This is a good point, but is Clay right? I already do pay for podcasts — I support the Conversations Network — and, oddly, there is a lot of podcast content that I would pay for that is actually free — some of my favourite podcasts, for example, such as Dan Carlin’s Hardcore History or Skeptoid — despite the existence of a working payment system through my iPhone, so clearly there is another business model emerging as well, one that was sagely summarised many years ago by Esther Dyson as “content is an advertisement for a relationship” and it’s the relationship that is going to be monetised, not the content at all. But let’s focus on paid content for a moment. Some of the responses to Isaacson’s piece have been rather negative, and there’s no doubt that the relationship between content, journalism and the net is a complex one.
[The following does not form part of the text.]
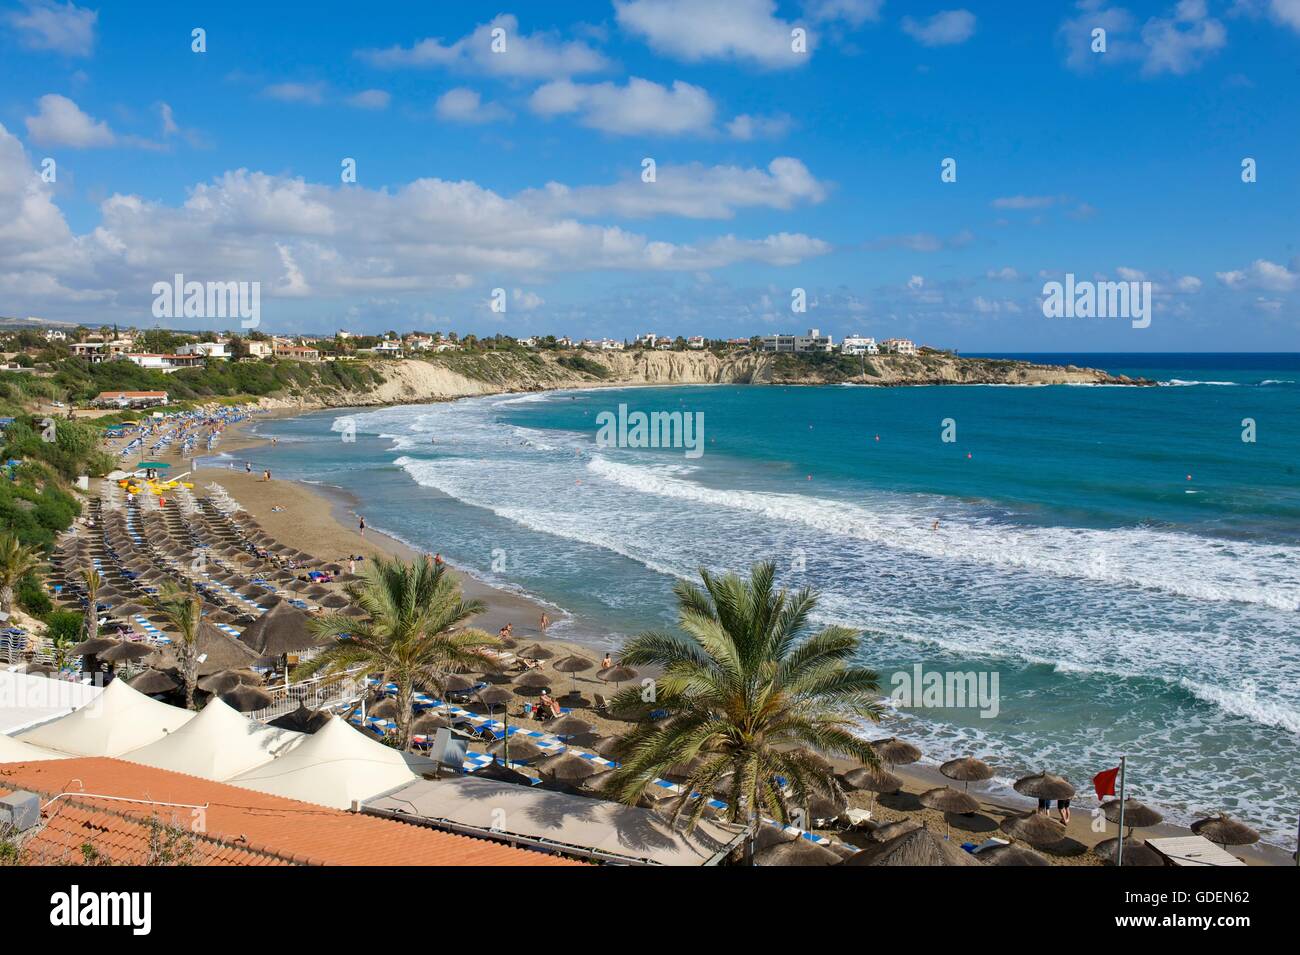 La plage de Coral Bay, Paphos, République de Chypre Banque D'Images

I’m not saying that problem is insoluble. Just that, as far as I know, no one has solved it yet

[From Poynter Online – Romenesko]

We can begin to look for solutions by narrowing down the options. I suppose I start from the general perspective that “proper” news is a good thing and that we ought to have some of it instead of the musing of the celebretariat.
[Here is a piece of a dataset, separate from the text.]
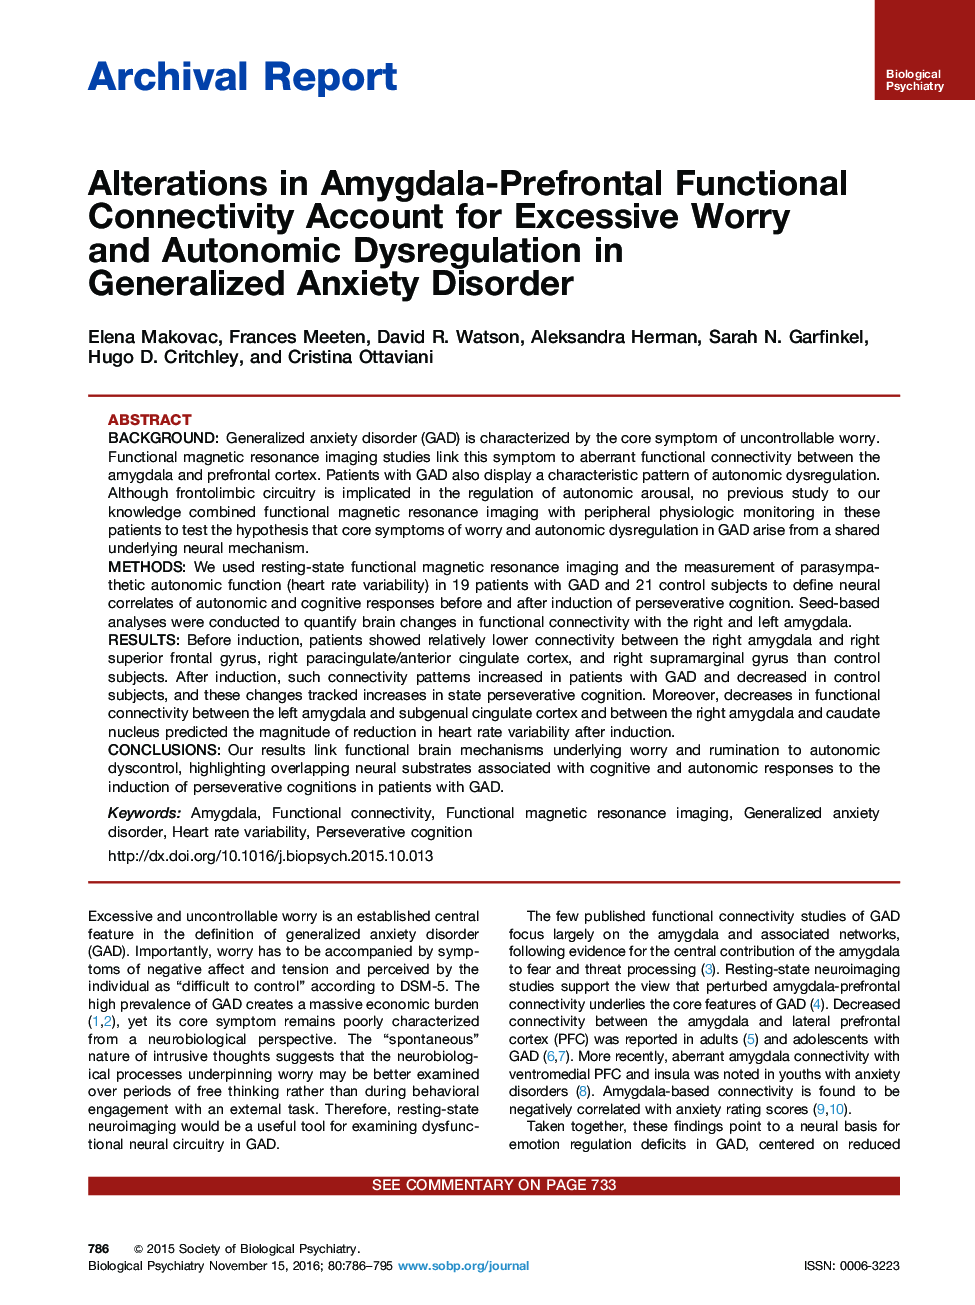 گزارش آرشیو آستانه های حسابداری اتصال آمیگدالا-پیش فرنتن برای اختلال بیش فعالی و اختلال خودمختاری در اختلال اضطراب عمومی

There’s no guarantee that private demand will produce the socially optimal quantity of investigative political reporting.

[From A Voucher System for Investigative Reporting – Freakonomics Blog – NYTimes.com]

If a free press is a public good that cannot be satisfied by private demand, then it doesn’t matter one way or the other whether we use micropayments or not: we will have to come up with more radical solutions to the problem of news provision (as opposed to the narrower problem of how to save newspapers).

Newspaper readers have never paid for the content (words and photos). What they have paid for is the paper that content is printed on.

[From Op-Ed Contributor – You Can’t Sell News by the Slice – NYTimes.com]

So it may well be that news is a very special case of content and that it needs very special solutions. Indeed, I will be chairing a seminar on this topic at the Free University in Brussels on 19th March 2009 (for the Fleet project) and hope to develop my opinions further there.

News aside, then, where can we look to for some ideas for other kinds of content? If we think again about iTunes again, I use iTunes to buy music that I could download for free from the web. Someone with lots of time on their hands and no money might well opt to download an illegal copy of AC/DC’s new album rather than buy it on iTunes as I tried to (but couldn’t because AC/DC don’t make their albums available on iTunes — so no sale, guys). Would they pay for it if there was a micropayments solution? Probably not. So we can see that one design goal might be for a payments solution that helps people to do what they want to do anyway, rather than one that tries to stop them from doing things that they want to: don’t make the micropayment scheme part policeman, part bouncer.

Who could provide a solution? I just can’t see how it can be banks: they don’t have the cost base to make an alternative viable and they couldn’t earn the margins (even on substantial volumes) to make it a worthwhile investment. One thing banks do have is the customers, and the customer interfaces. But other people have these too, and they wouldn’t need the depth or complexity that banks have with respect to “traditional” payment schemes. If you buy a pack of gum for 50p and then you don’t like it for some reason, you can’t go to the Bank of England and ask for your 50p back. But if a shop sells lots of bad gum, and lots of people complain to the Trading Standards or Better Business people, then action can be taken. This ought to be easier to manage on the web than off it and it links with elements of the reputation economy concept.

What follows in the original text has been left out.